** Supplied data follows **

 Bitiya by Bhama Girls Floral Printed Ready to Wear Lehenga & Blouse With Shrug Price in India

** End of Supplied data **
** Supplied data follows **

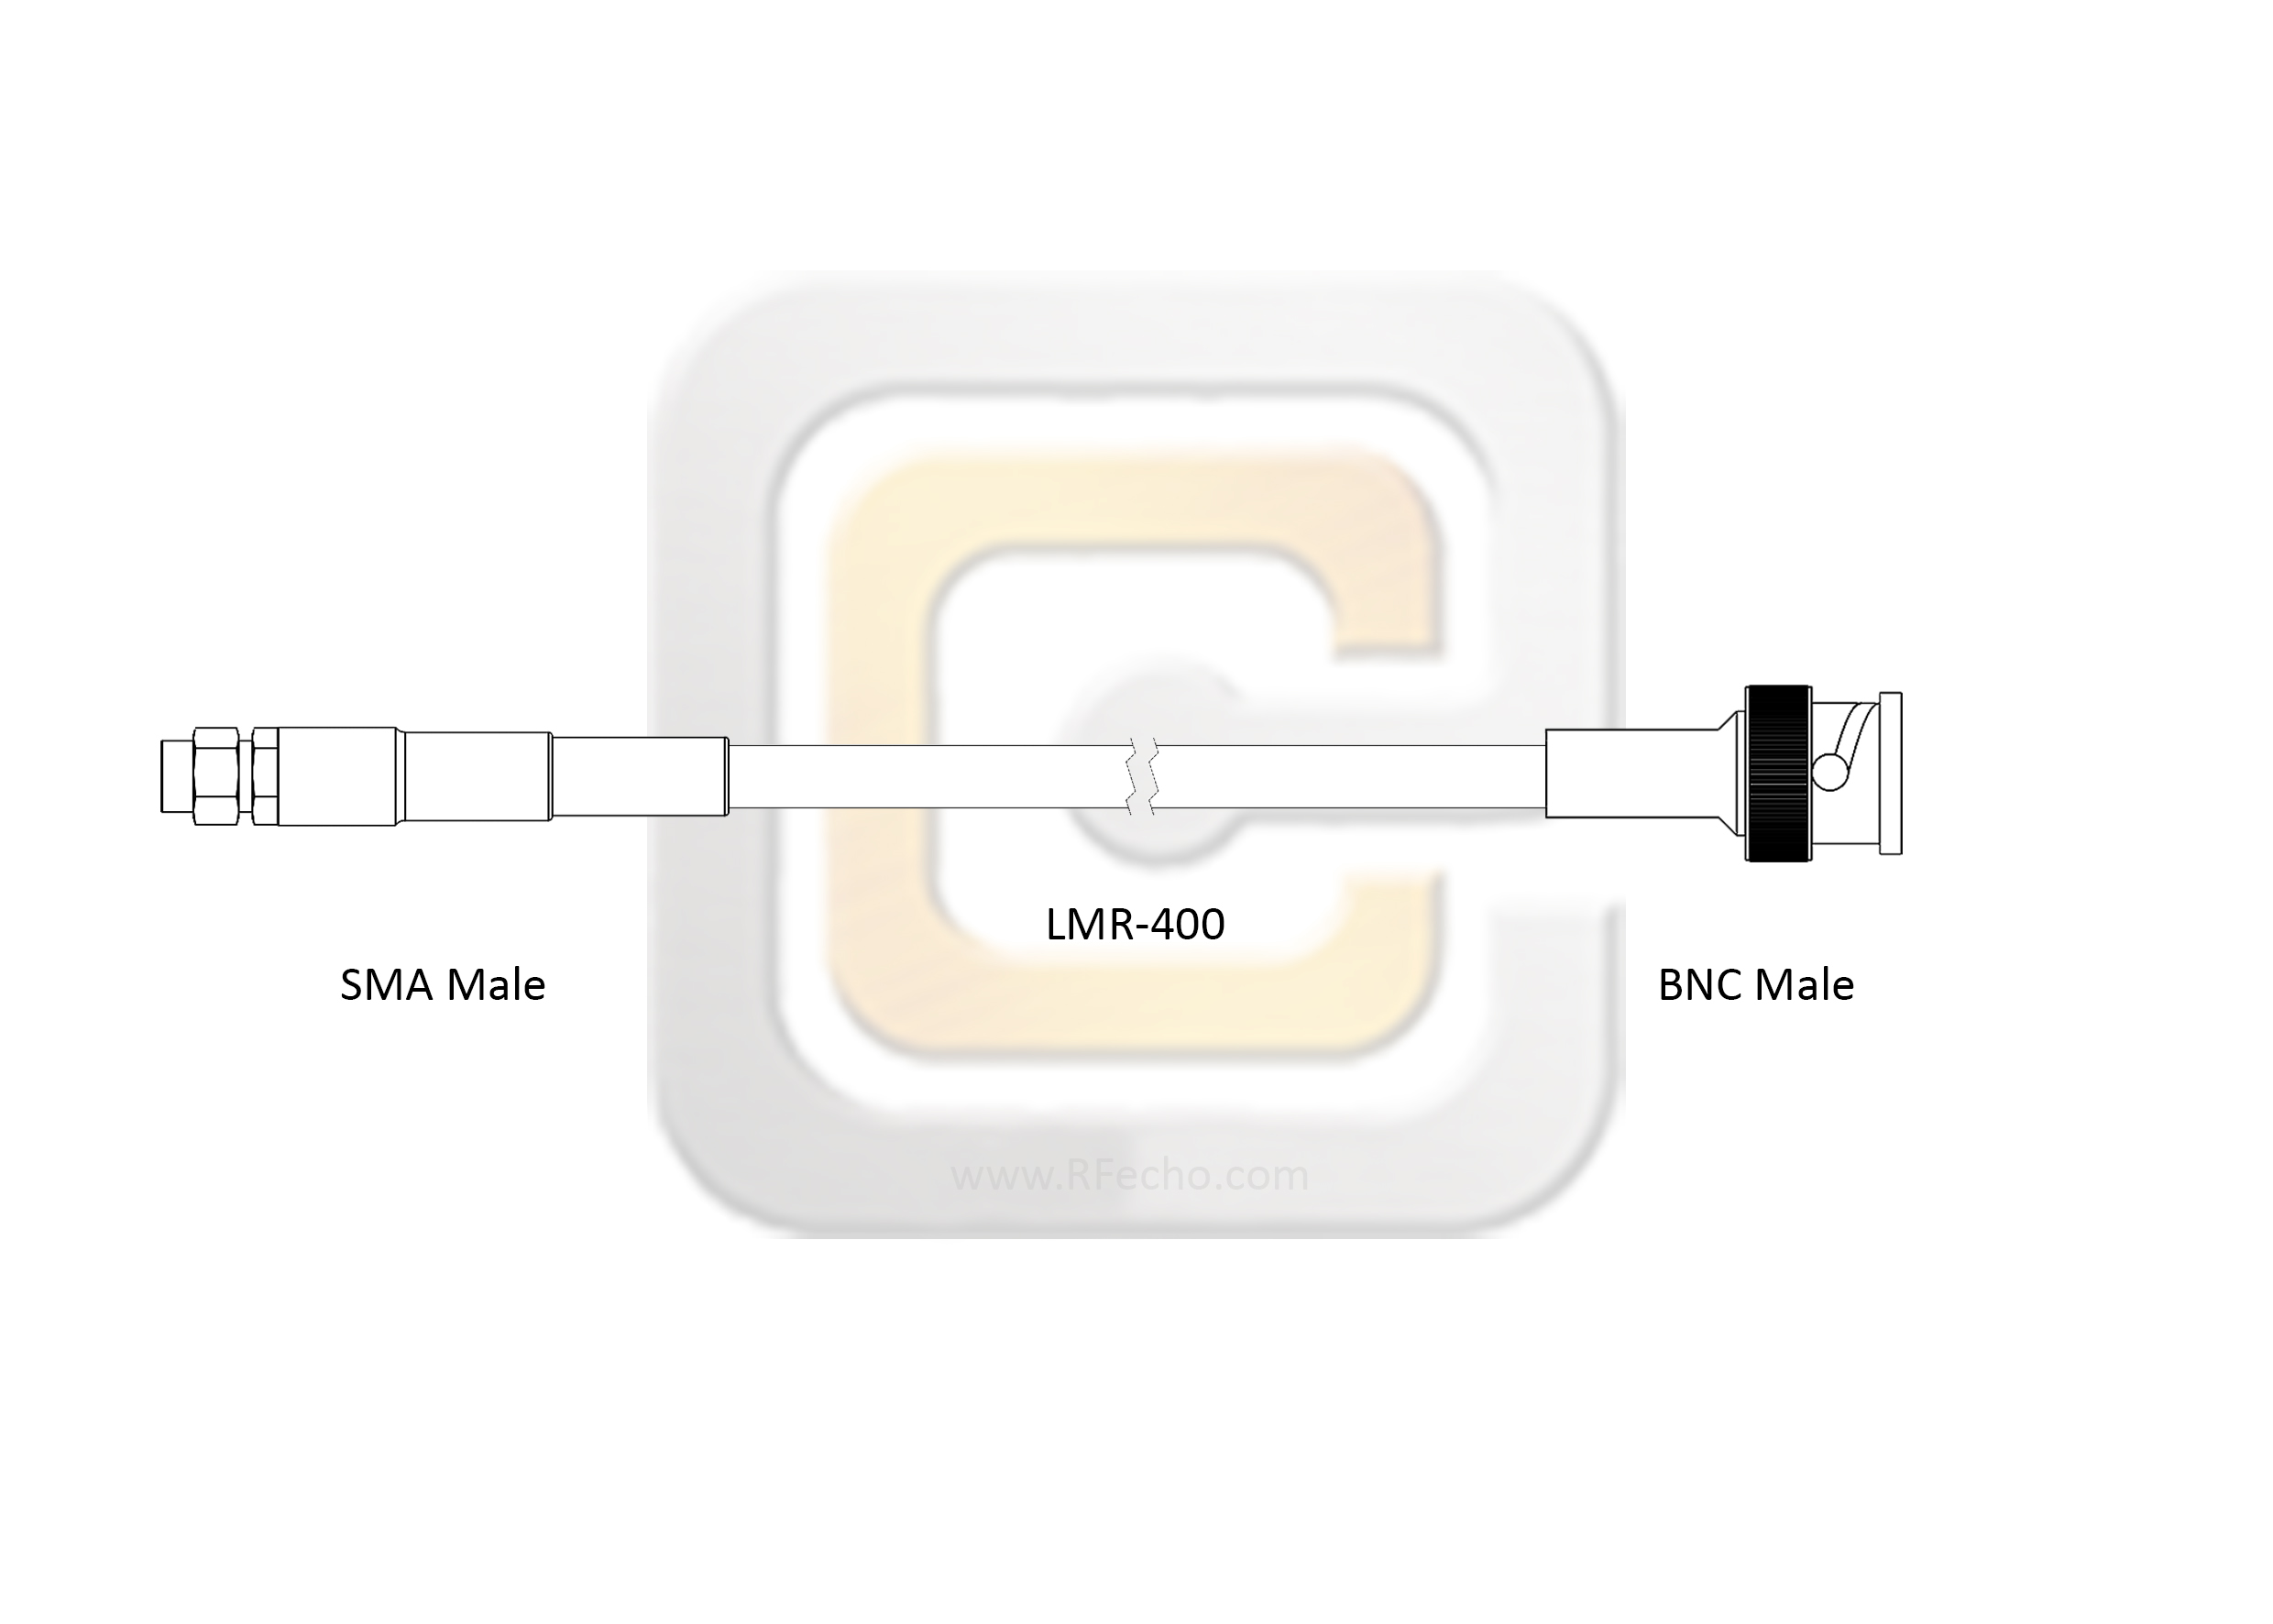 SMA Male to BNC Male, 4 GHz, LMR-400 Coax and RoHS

** End of Supplied data **
** Supplied data follows **

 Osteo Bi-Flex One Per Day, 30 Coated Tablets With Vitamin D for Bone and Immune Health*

** End of Supplied data **

» Work required
Review the entries above and return every line where "With" appears.

» Solution
 Bitiya by Bhama Girls Floral Printed Ready to Wear Lehenga & Blouse With Shrug Price in India
 Osteo Bi-Flex One Per Day, 30 Coated Tablets With Vitamin D for Bone and Immune Health*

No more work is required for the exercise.